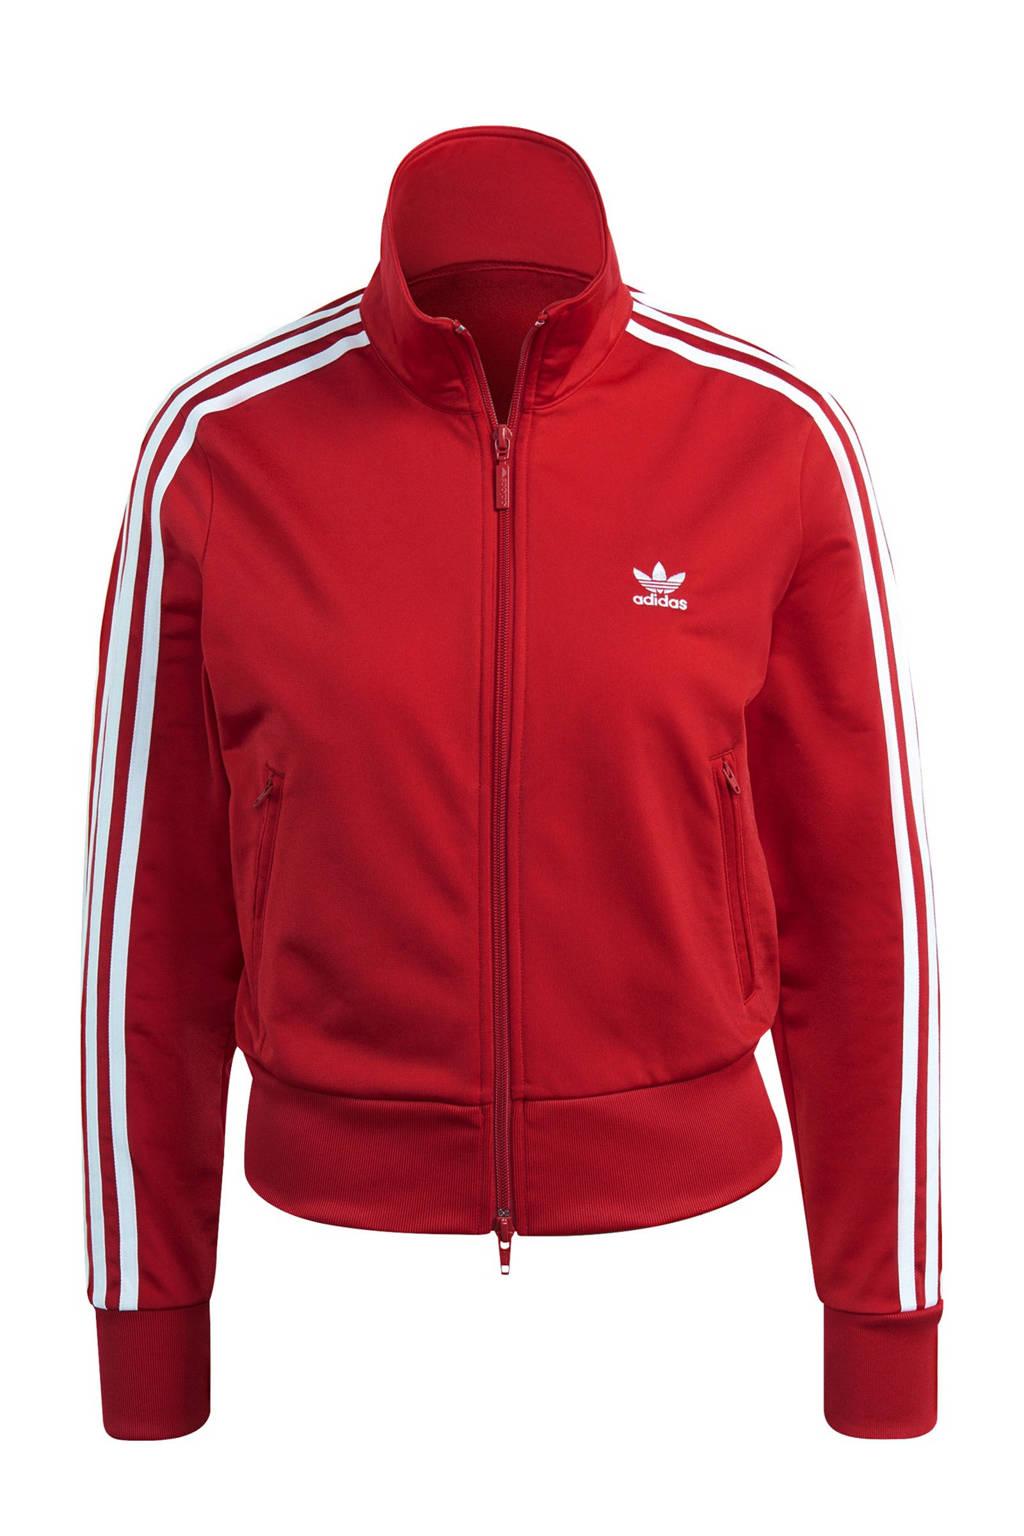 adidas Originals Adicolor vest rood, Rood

****

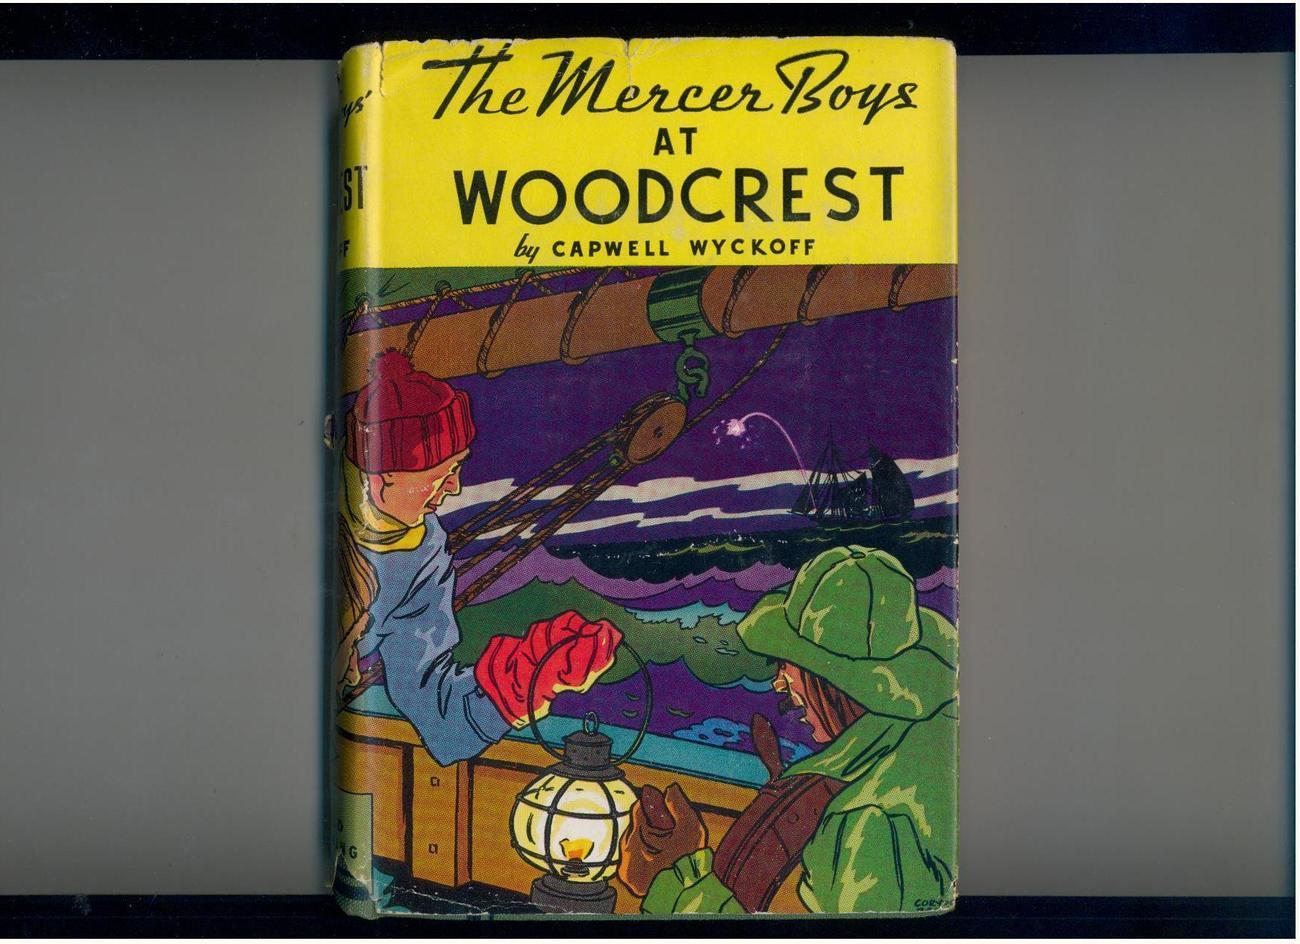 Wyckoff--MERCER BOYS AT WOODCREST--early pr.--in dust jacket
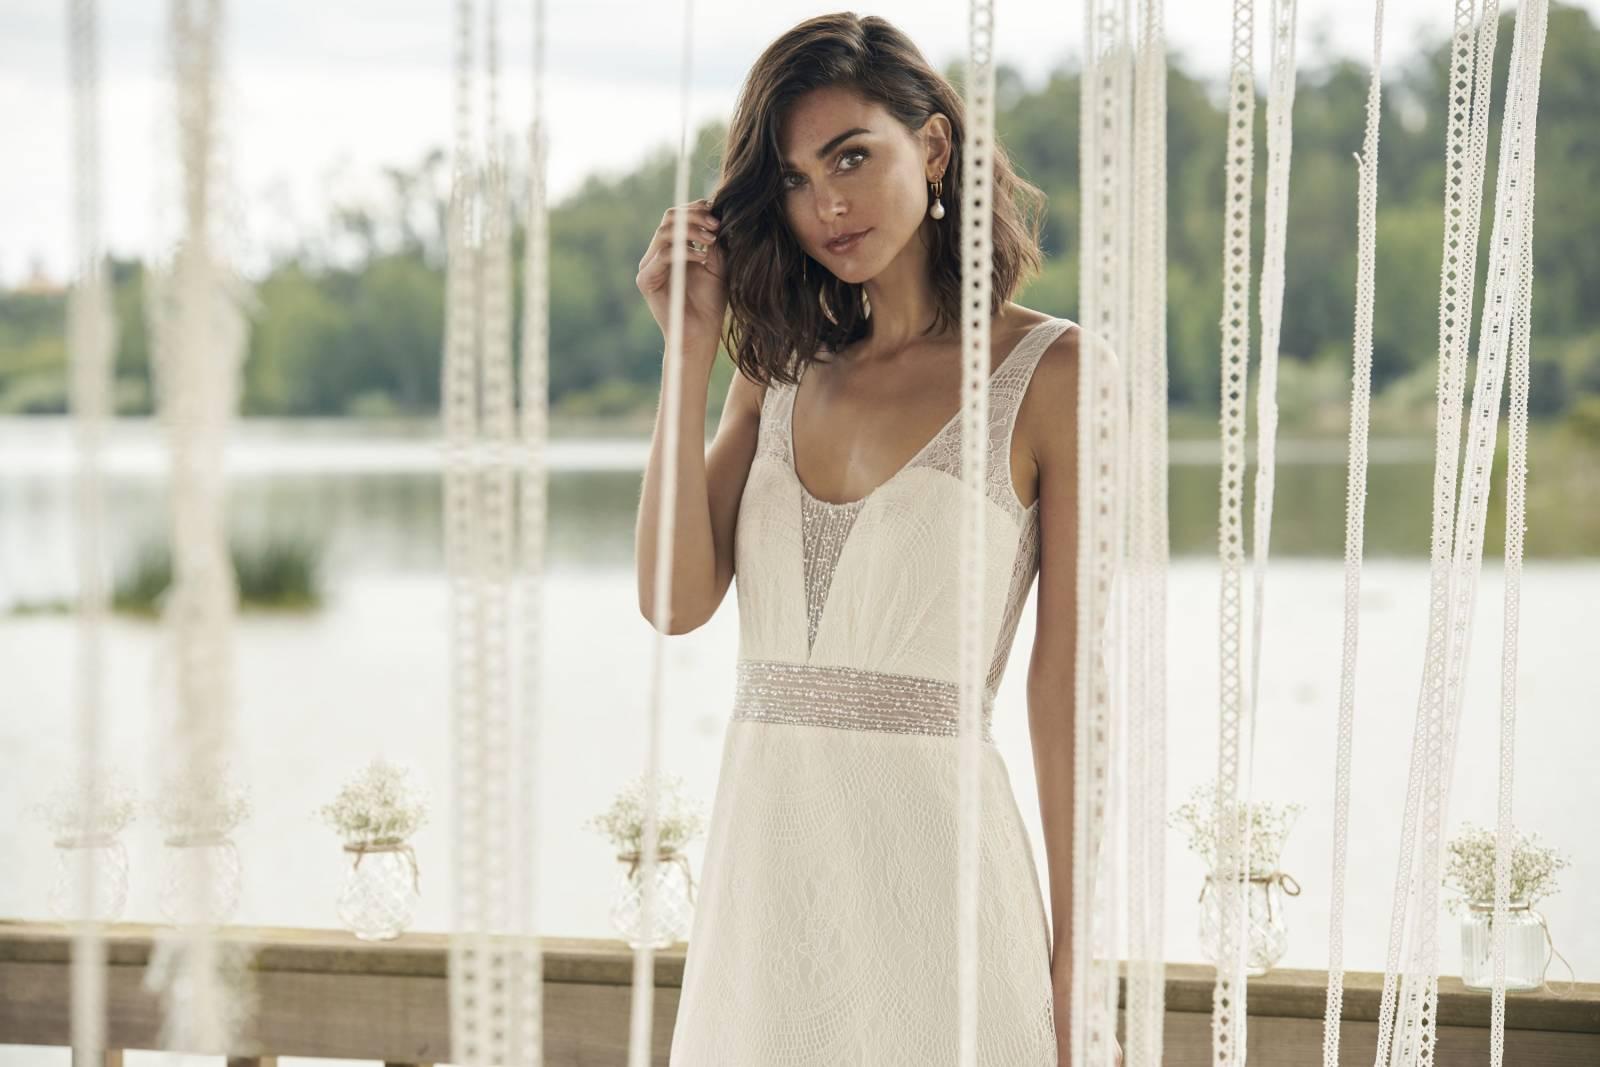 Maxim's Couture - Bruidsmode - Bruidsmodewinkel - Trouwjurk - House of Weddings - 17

****

Requirement
Look above for the line with "Wyckoff--MERCER BOYS AT" and the line with "Maxim's Couture - Bruidsmode"; set down those two lines and all lines between them exactly, without pictures and without anything else.

Task result
 Wyckoff--MERCER BOYS AT WOODCREST--early pr.--in dust jacket
 Maxim's Couture - Bruidsmode - Bruidsmodewinkel - Trouwjurk - House of Weddings - 17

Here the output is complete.